Inside OPEC’s unchanged quotas is Saudi’s unilateral 1mln barrel per day cut in volumes, which is now effectively being extended for another month.

By Friday morning’s deals Brent crude was priced at around US$67.85 per barrel, up 1.6% for the day.

Analysts at Goldman, in a note, noted that Saudi is guiding for only a gradual ramp-up of volumes after the extended quota.

At the same time, the American bank highlighted that with crude oil prices up 25% since January and excess inventories reduced by an estimated 56% the cut in volumes is working in Saudi’s favour.

Moreover, Goldman highlighted that OPEC’s strategy is working because of its “unexpectedness and suddenness” and the cartel’s approach is presently in contrast with the pre-2020 strategy in which the bank says OPEC viewed itself as ‘the central bank of the oil market’.

“We were already bullish oil prices because we expected OPEC’s conservative demand expectations to leave its ramp-up lagging our above consensus demand forecasts,” Goldman analyst Damien Courvalin said.

“We believe it is now clear that OPEC+ is in fact pursuing a tight oil market strategy.”

“Given our demand forecasts remain unchanged and above consensus, OPEC’s decision is leading us to raise our Brent forecast.”
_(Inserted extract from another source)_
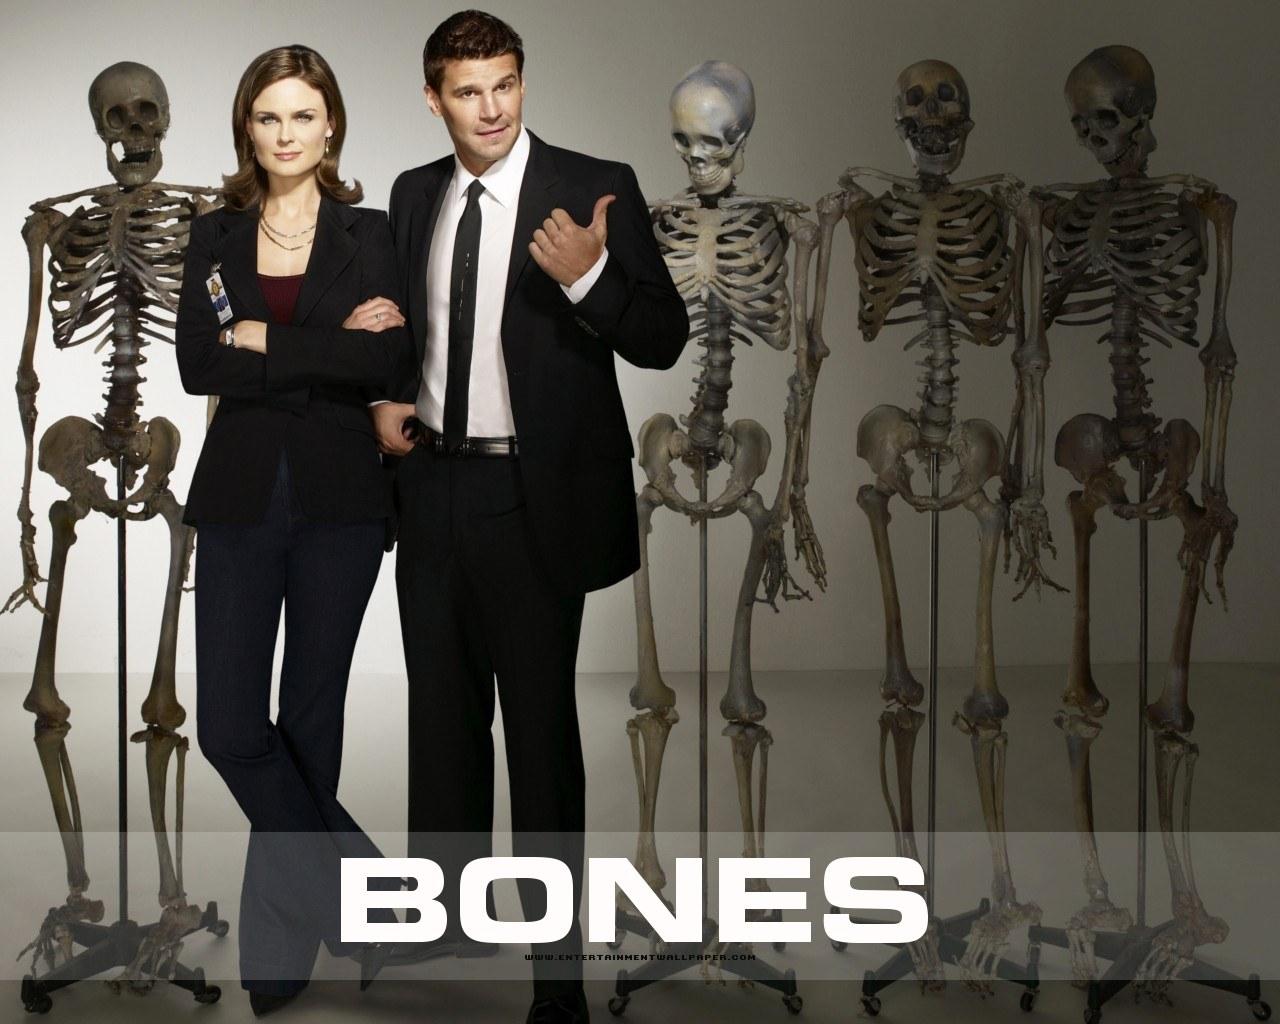 http://1.bp.blogspot.com/_JmFRhjkgg1o/TNYIUS5TQ3I/AAAAAAAAABs/hxMV_8ailZ8/s1600/bones-wallpaper-3.jpg

Goldman lifts its Brent crude forecast by US$5 per barrel to US$75 for the second quarter of 2021, then rising further to US$80 for the third three-month block of the year.

The forecast for the fourth quarter of 2021 and 2022 see the crude price subsequently slipping back slightly, returning to US$75, due to the potential for higher supplies and decelerating demand gains.

Adding another wrinkle to its analysis, the American bank increased its forecast for US shale production volumes (by around 300,000 bopd) as pricing improves, but, notes that this remains more than offset by the amount of supply being kept out of the market by OPEC in 2021.